[PROVIDED DATA]:

=== Begin Enclosure ===

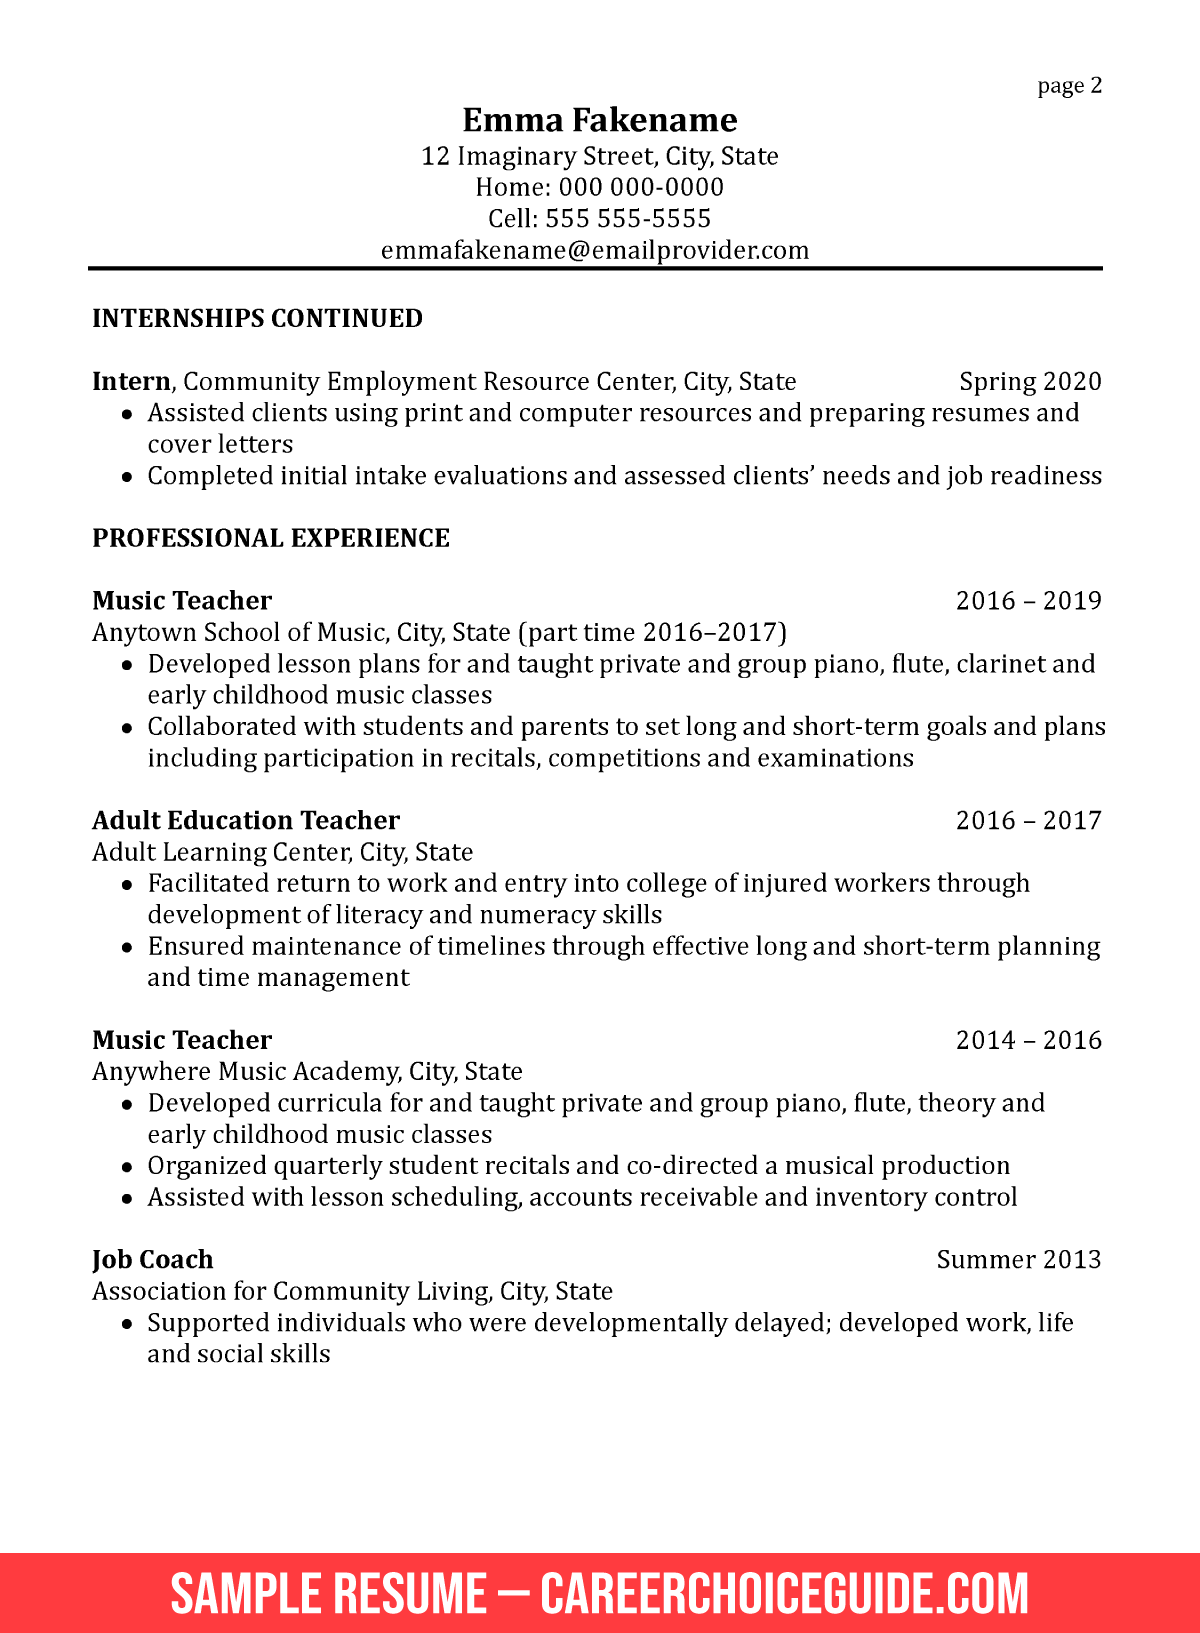 combination resume for career change
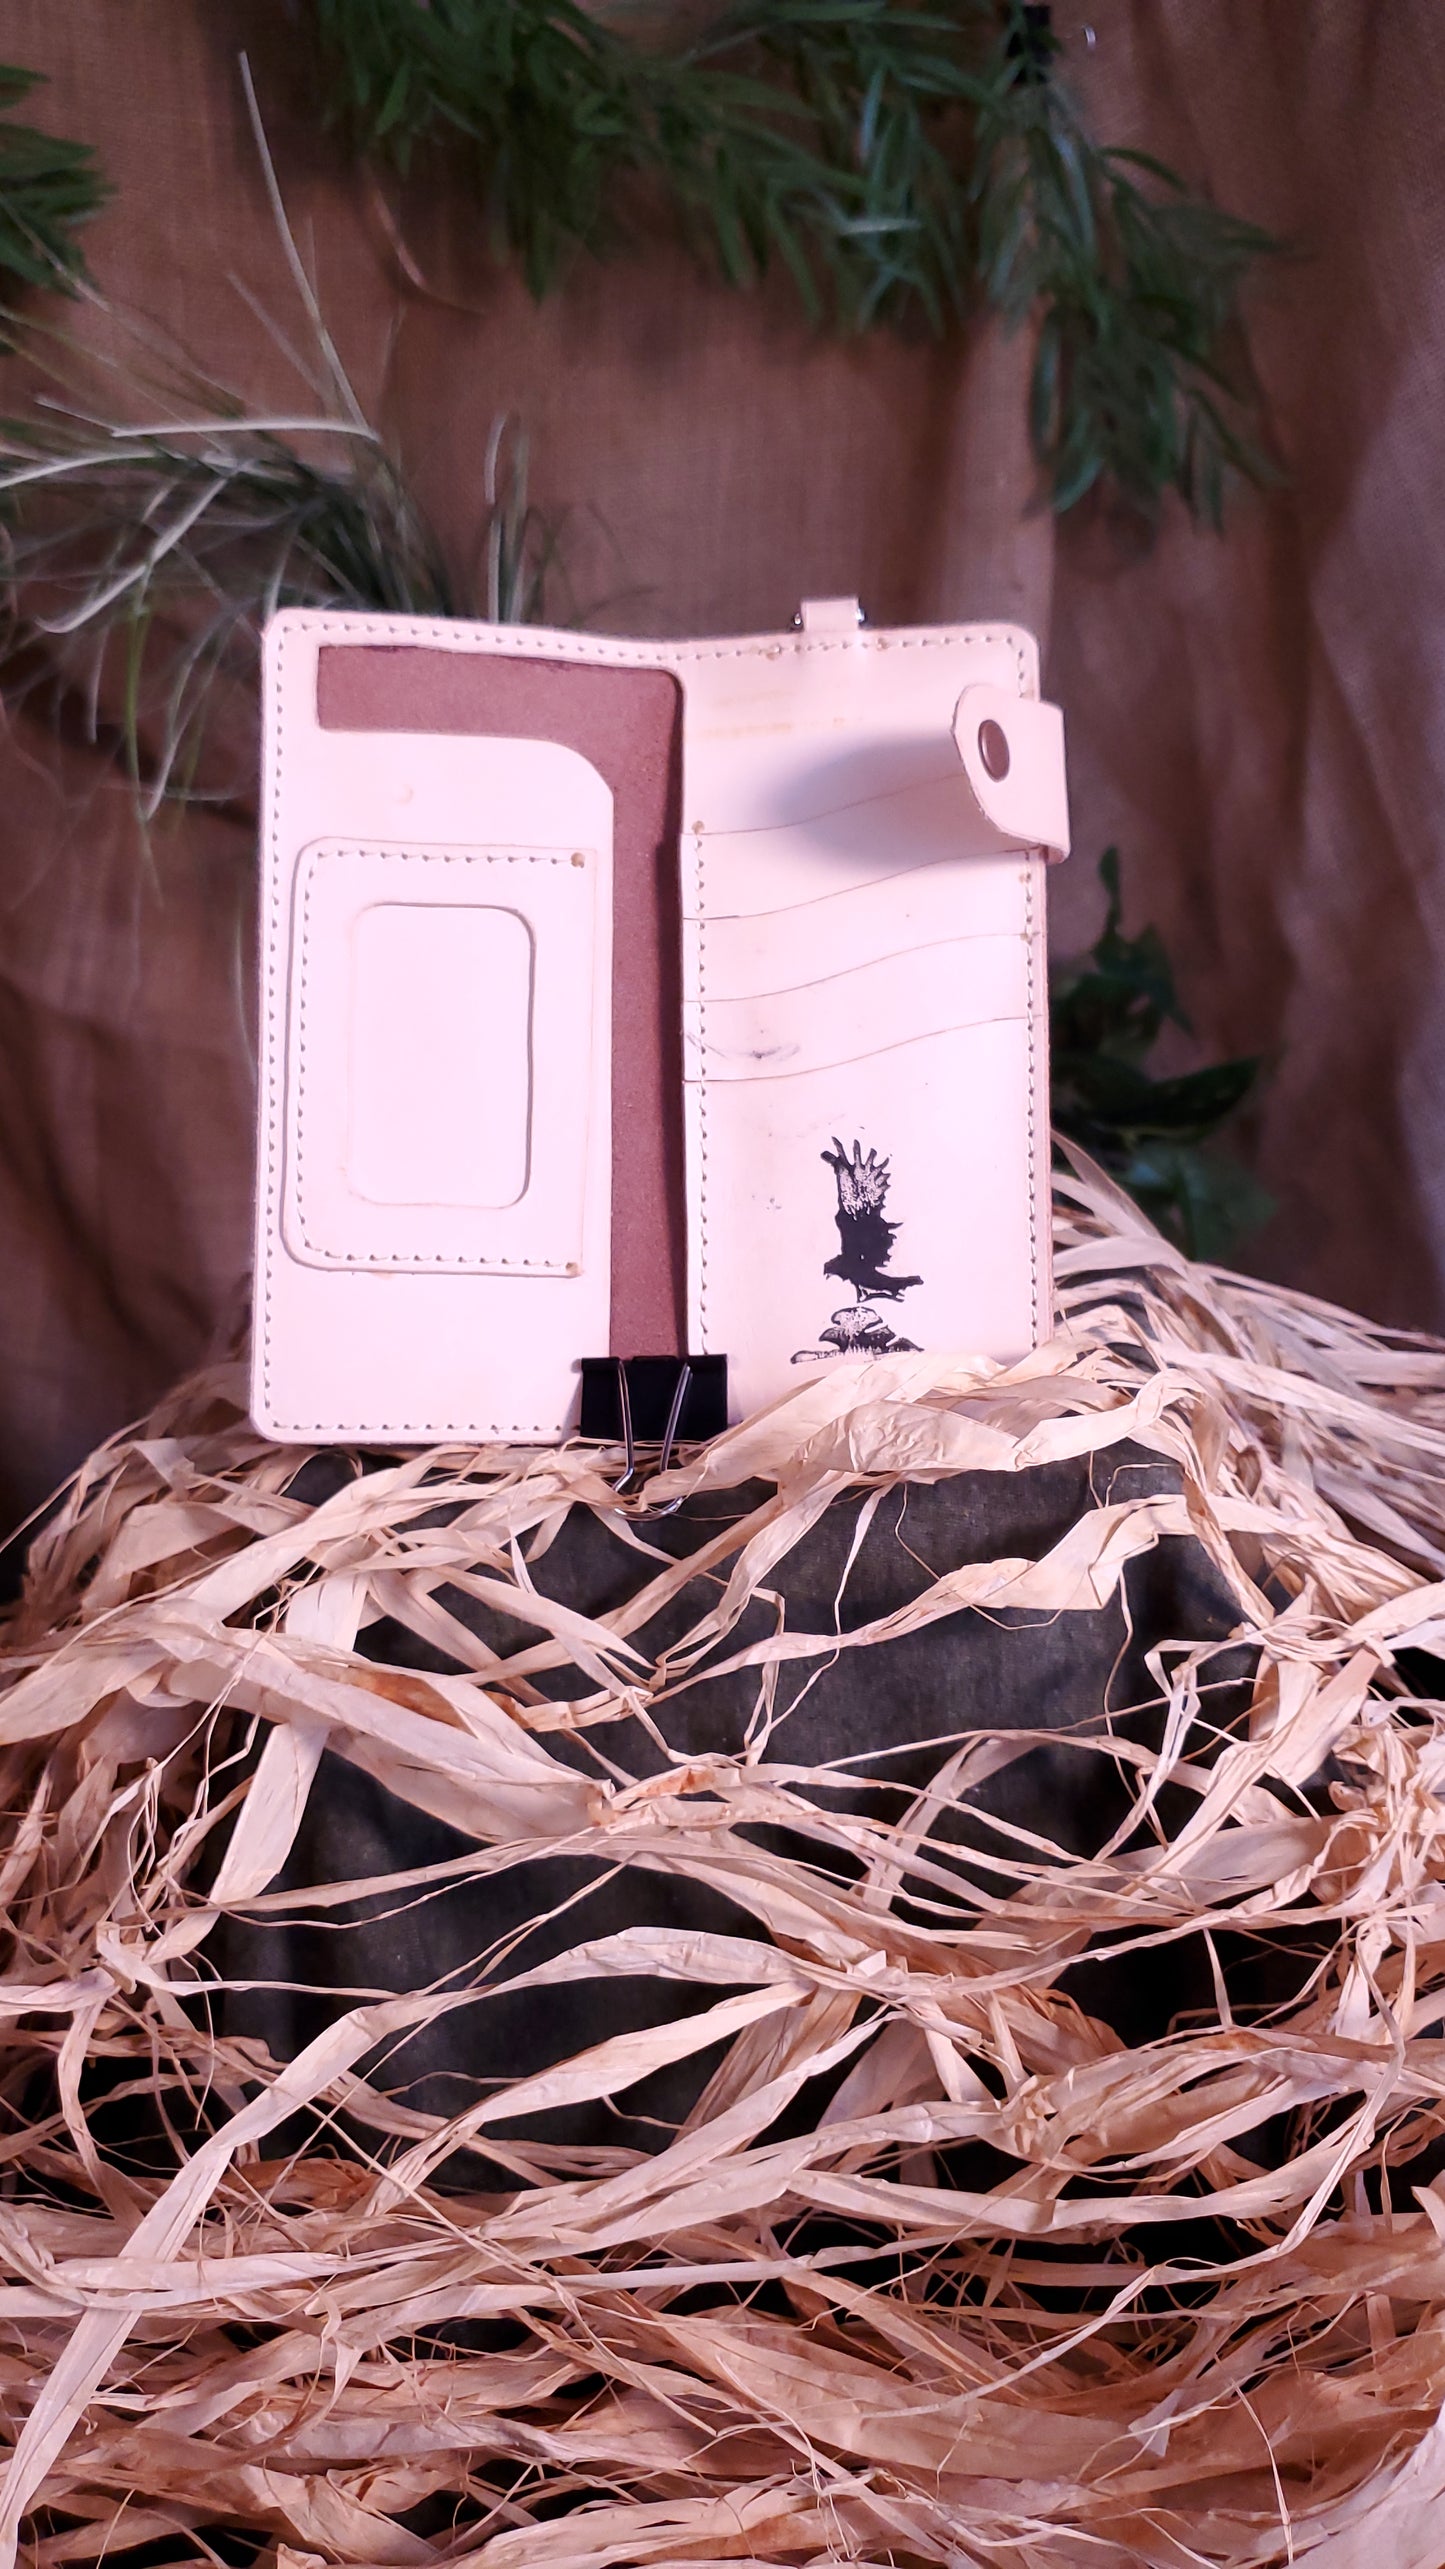 Interior of the Biker Wallet , featuring an ID pocket with window, a cash slot behind the ID pocket on the left side, four card slots on the right side. natural almost white colored interior
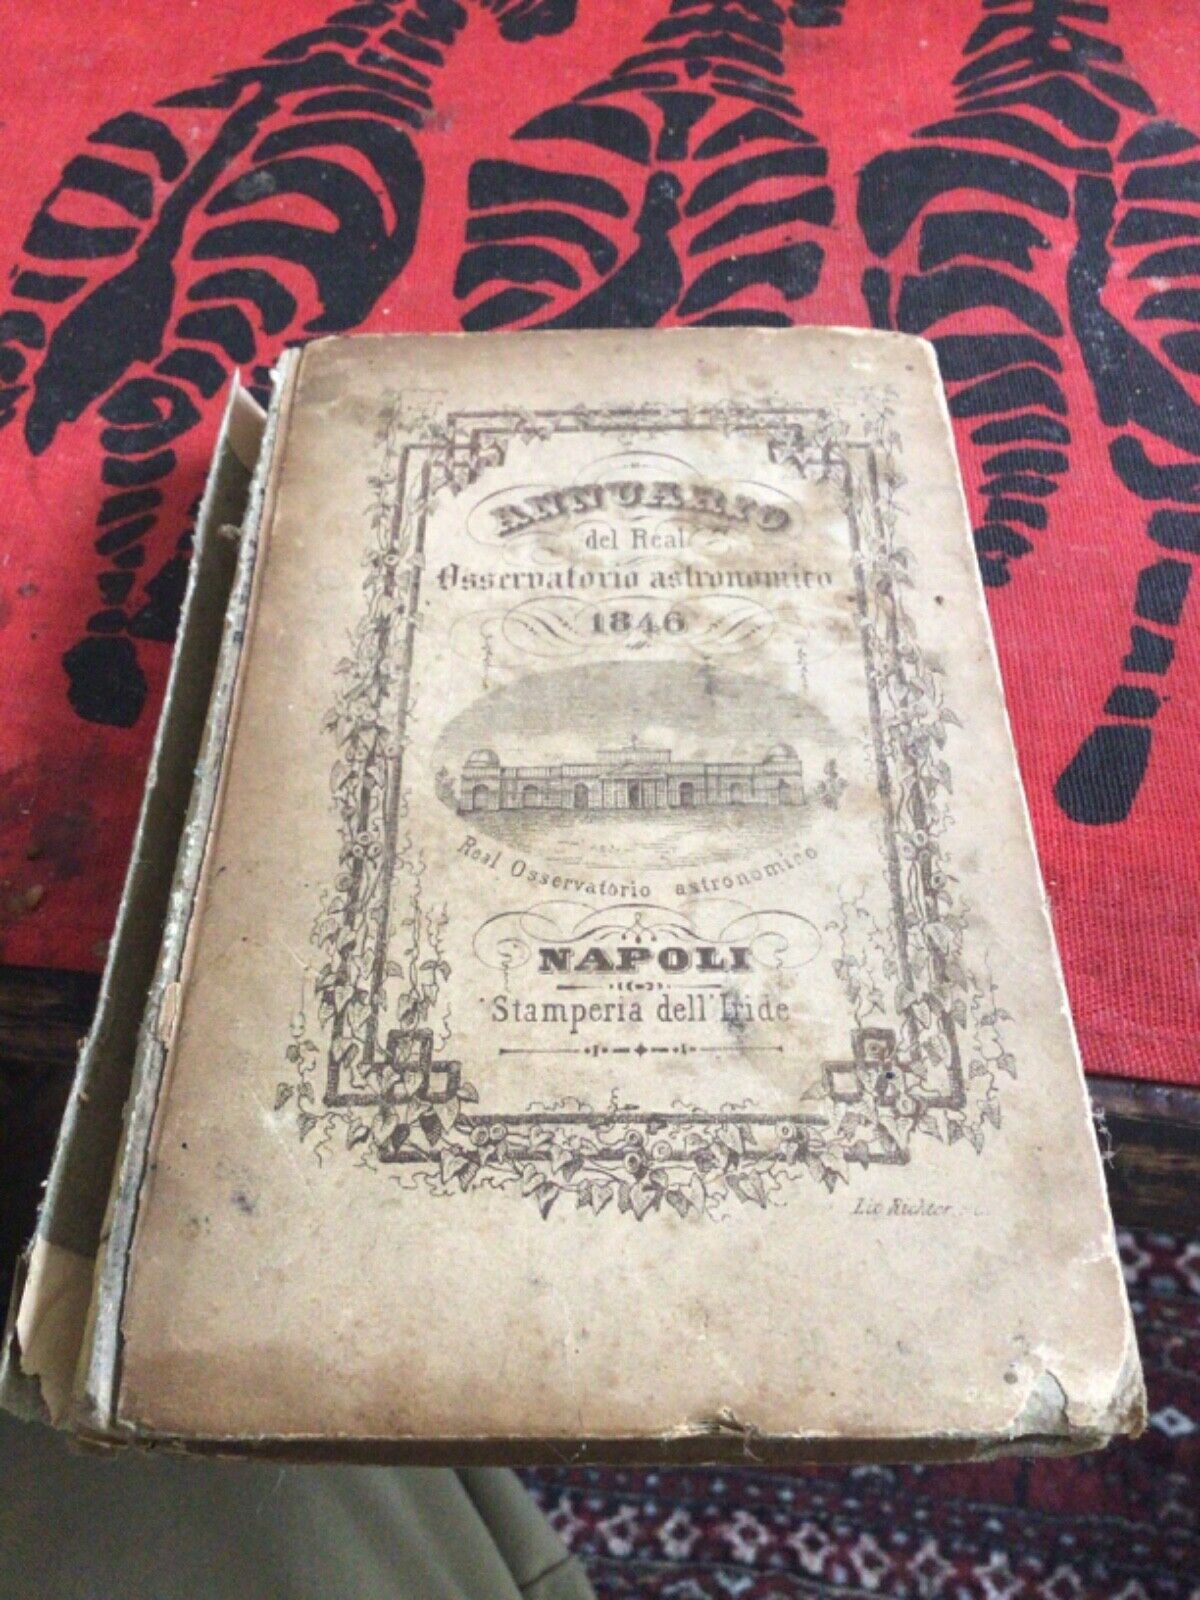 1846 Annual of the Royal Astronomical Observatory Naples

=== End Enclosure ===

[ABOUT THIS TASK]:
Leaving every picture out, write out exactly the lines from the one that holds "Interior of the" through the end of the listing, both included.

[SOLUTION TO THIS TASK]:
 Interior of the Biker Wallet , featuring an ID pocket with window, a cash slot behind the ID pocket on the left side, four card slots on the right side. natural almost white colored interior
 1846 Annual of the Royal Astronomical Observatory Naples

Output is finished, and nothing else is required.